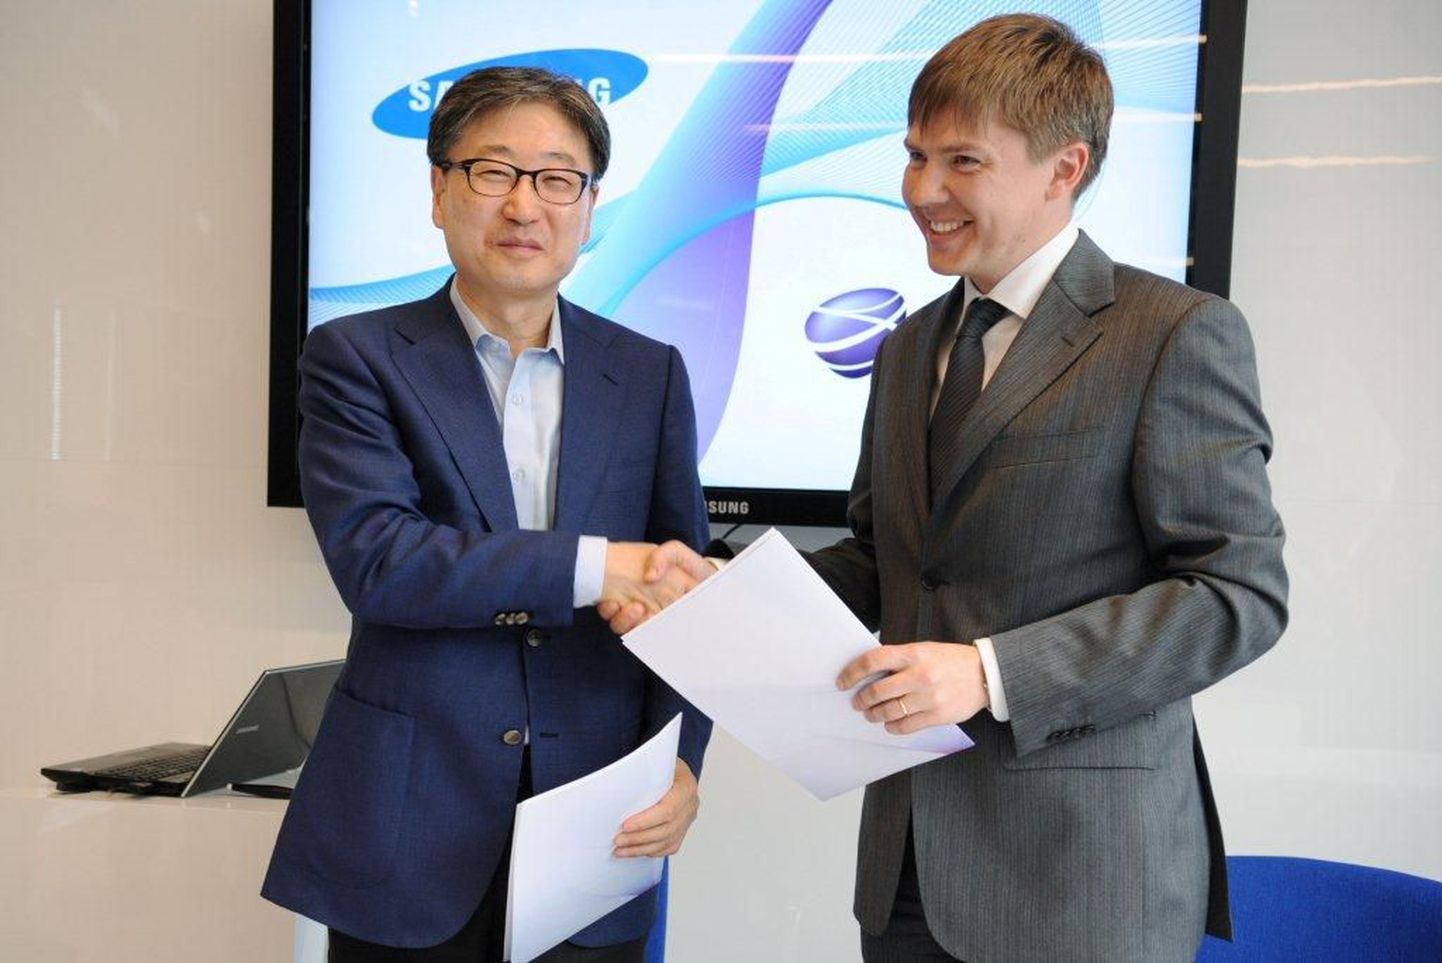 Elioni juht Arti Ots ja Samsungi esindaja Boo-Keun Yoon koostöölepet allkirjastamas.
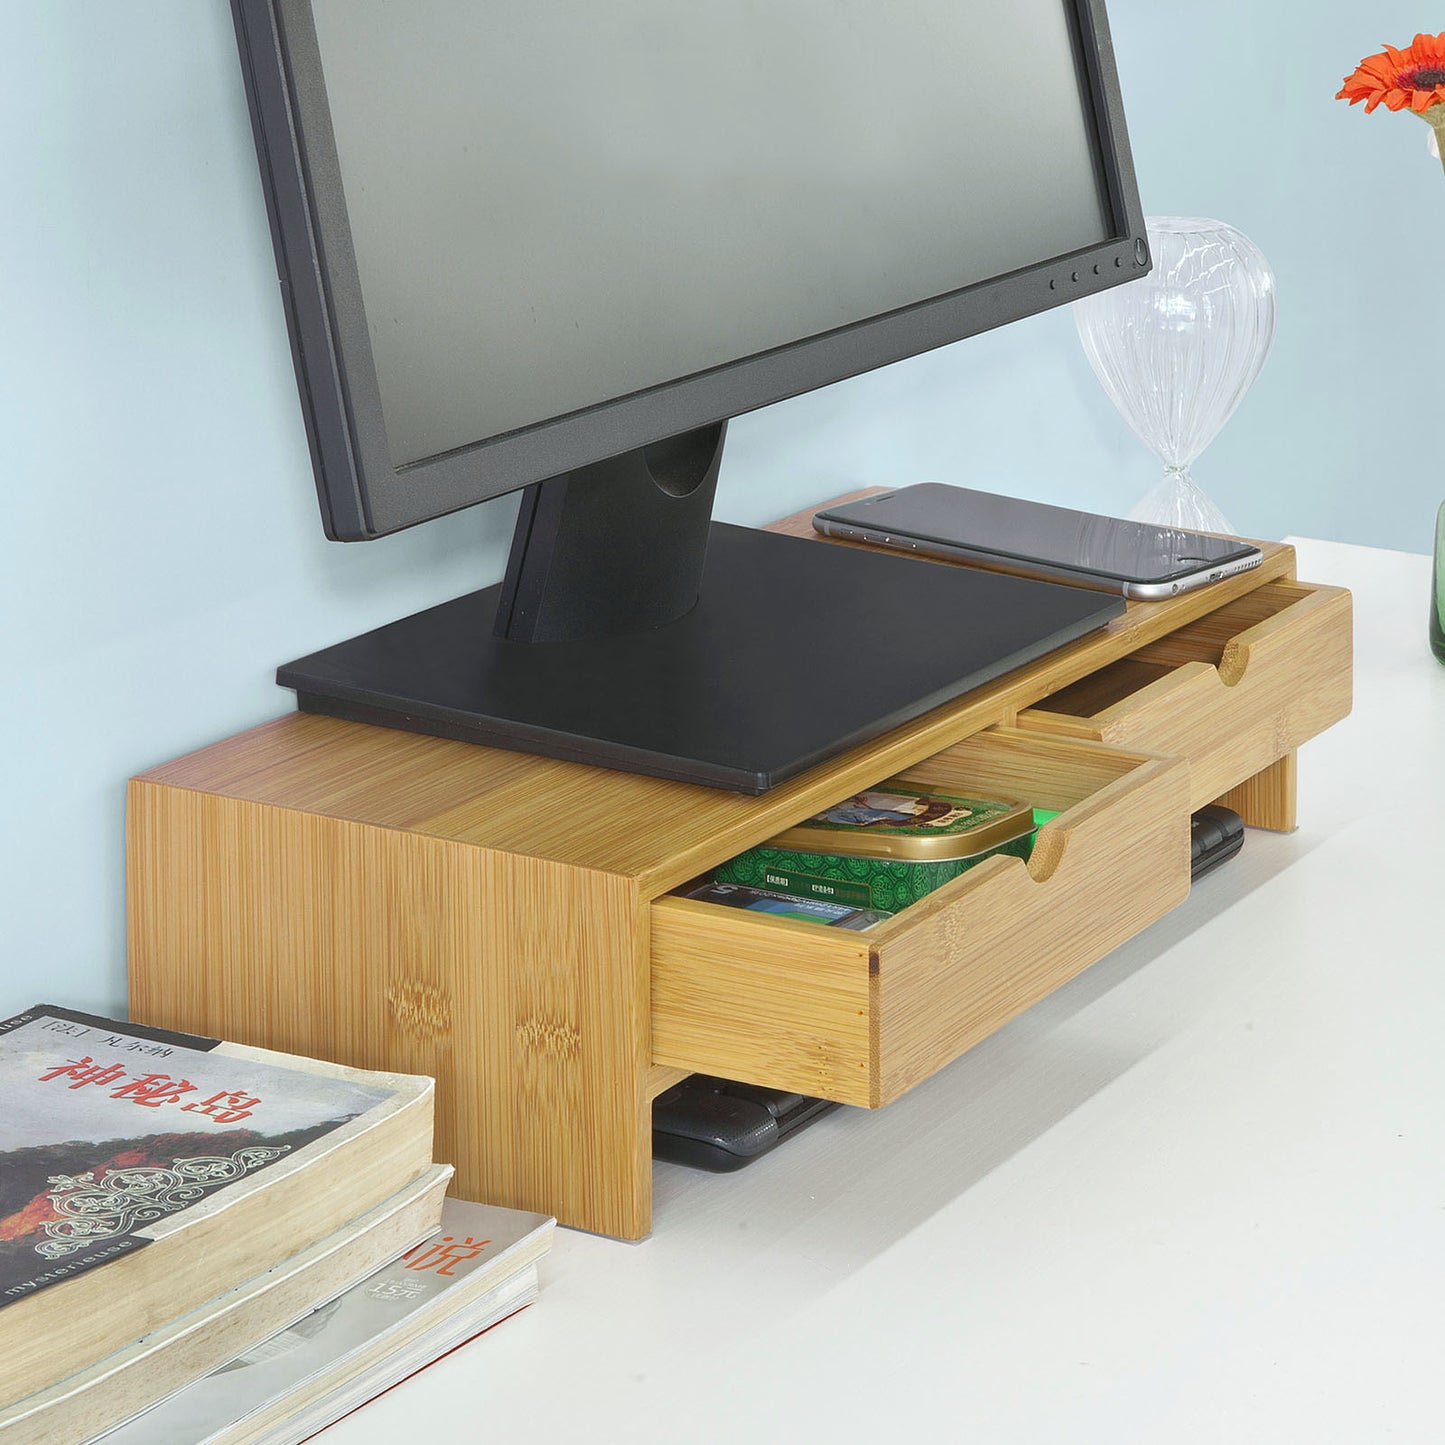 SoBuy FRG198-N Bamboo Monitor Stand, Monitor Riser, Desk Organiser with Drawers
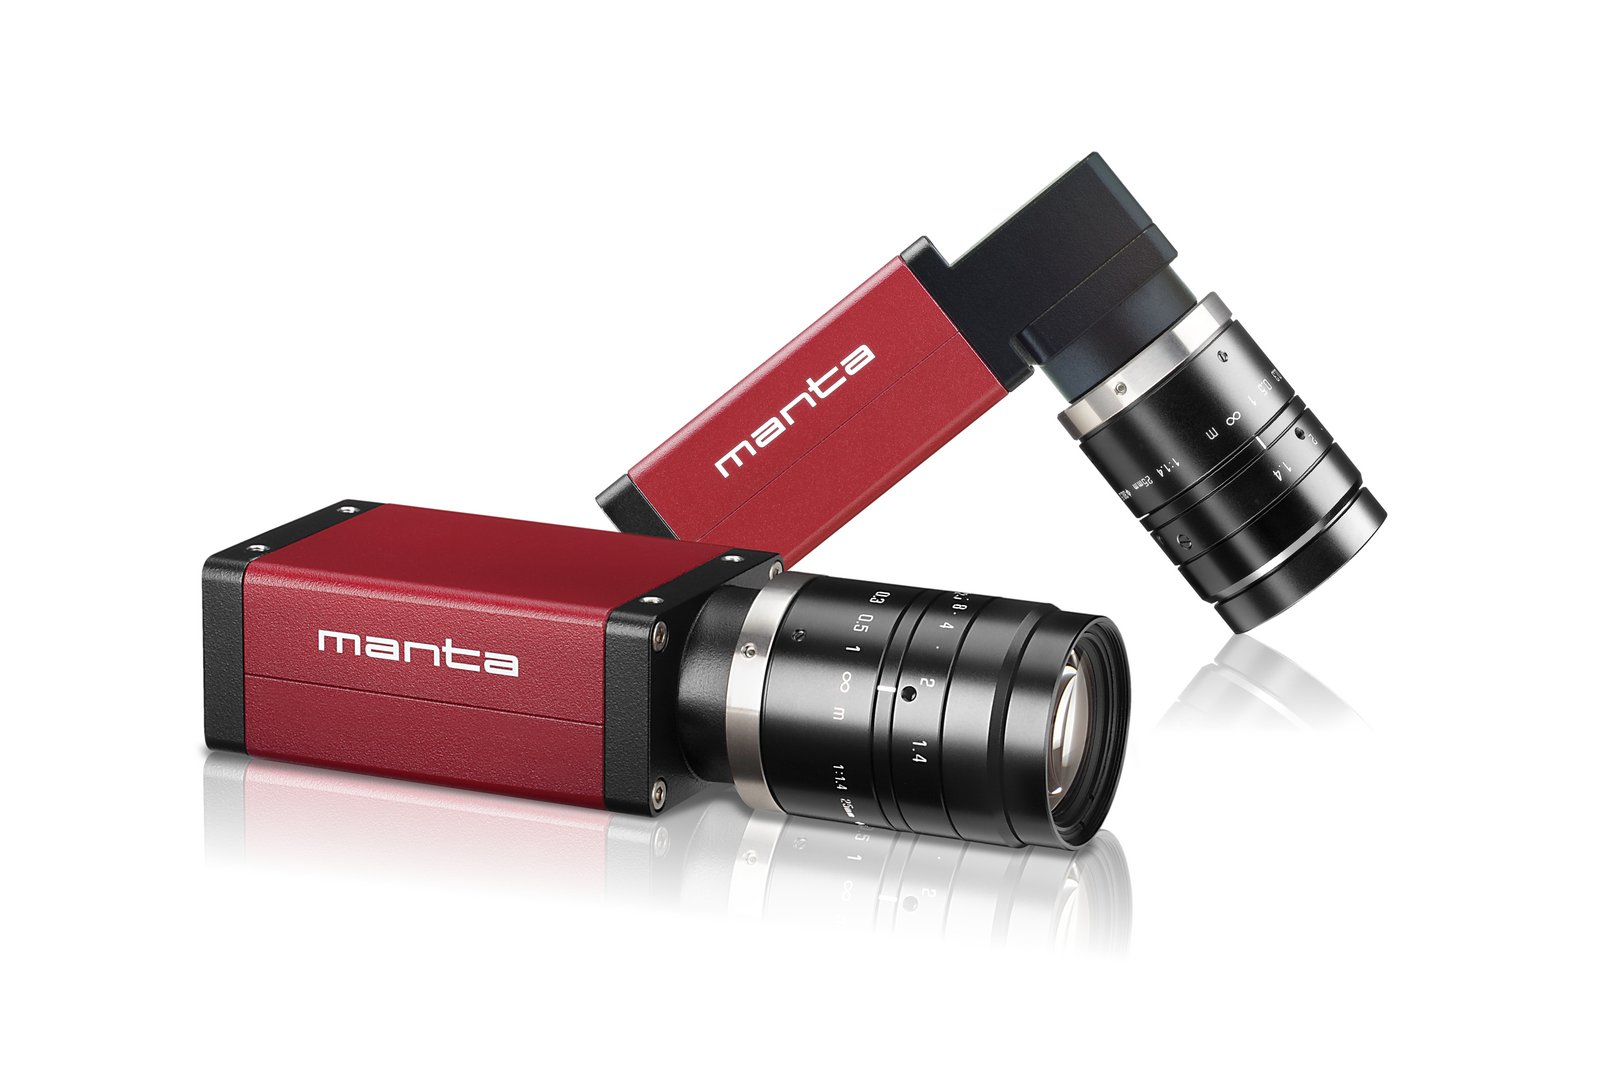 Flexible and modular - Allied Vision's Manta camera

● Your task: All of the material goes into the answer exactly as it stands, except for the pictures.

● Written answer:
 Elioni juht Arti Ots ja Samsungi esindaja Boo-Keun Yoon koostöölepet allkirjastamas.
 SoBuy FRG198-N Bamboo Monitor Stand, Monitor Riser, Desk Organiser with Drawers
 Flexible and modular - Allied Vision's Manta camera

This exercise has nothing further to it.